Viewing container logs

One benefit of running containers through systemd is unified logging. Container output is captured by journald, and you can view logs using the standard journalctl command:

# View all logs for the service
journalctl -u portainer.service

# Follow logs in real-time
journalctl -u portainer.service -f

# View logs since last boot
journalctl -u portainer.service -b

Podman alternative

If you're looking for tighter systemd integration, consider Podman as an alternative to Docker. Podman is a daemonless container engine that integrates natively with systemd through a feature called Quadlet.

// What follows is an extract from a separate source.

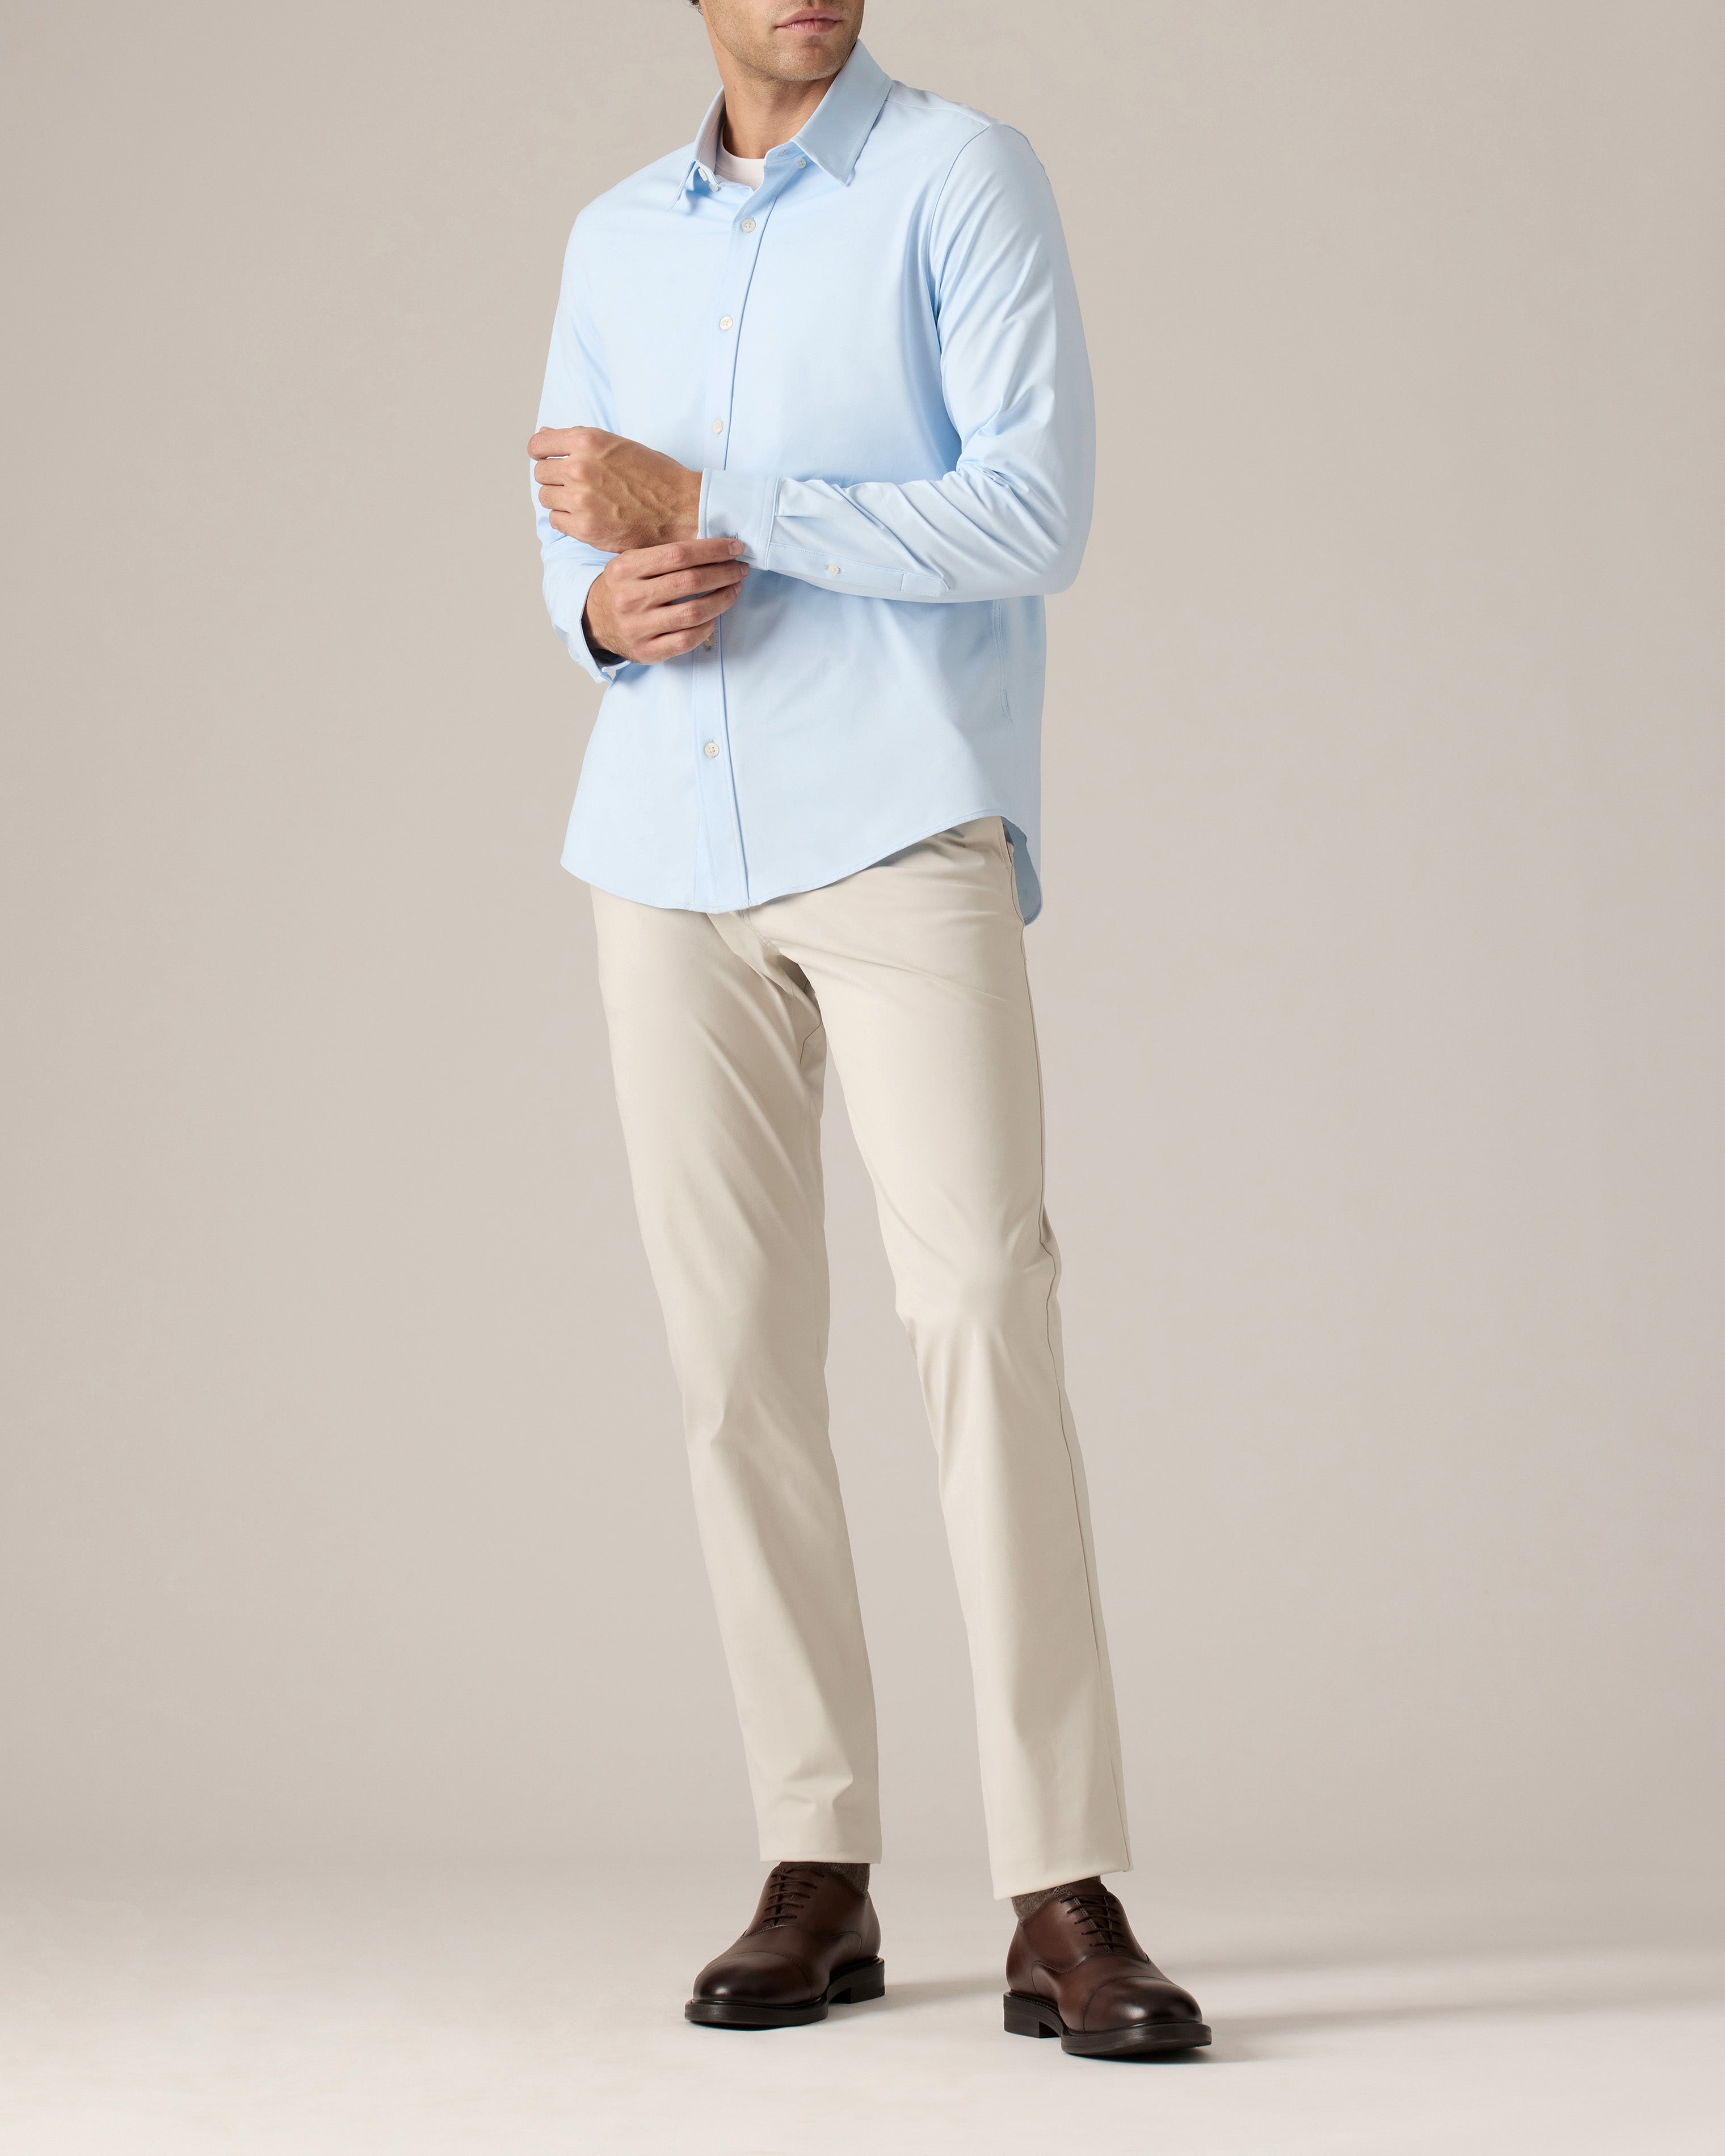 Beige Pants with Light Blue Shirt Outfits For Men (500+ ideas & outfits) |  Lookastic

With Quadlet, you create simple declarative files (.container, .pod, .network) instead of writing systemd unit files manually. Place them in /etc/containers/systemd/ for root containers or ~/.config/containers/systemd/ for rootless containers.

Example Quadlet file for Portainer:

[Container]
ContainerName=portainer
Image=docker.io/portainer/portainer-ce:lts
PublishPort=9443:9443
Volume=/run/podman/podman.sock:/var/run/docker.sock
Volume=portainer_data:/data

[Service]
Restart=always

[Install]
WantedBy=default.target

After creating this file, run systemctl daemon-reload and the container will be managed as a native systemd service.

Podman's advantages for systemd integration include:

• Daemonless architecture: No single point of failure like dockerd
• Rootless containers: Run containers without root privileges
• Native systemd integration: Quadlet generates optimized unit files automatically
• Auto-update support: Automatically pull and restart when new images are available

Conclusion

In this tutorial, I've shown several ways to deploy Docker containers as Linux systemd services:

1. Docker restart policies: The simplest approach for basic restart handling
2. Systemd unit files: For dependency management, unified logging, and boot ordering
3. Podman with Quadlet: The most integrated solution for systemd-based container management

The Docker + systemd approach works well for:

• Single-host deployments that don't need full orchestration
• Servers where you want containers managed alongside other systemd services
• Environments with complex service dependencies
• Teams familiar with systemd who want consistent management across all services

For production deployments at scale, consider Kubernetes or Docker Swarm. For simpler single-host scenarios, the approaches described in this post provide a lightweight alternative that leverages your existing Linux knowledge.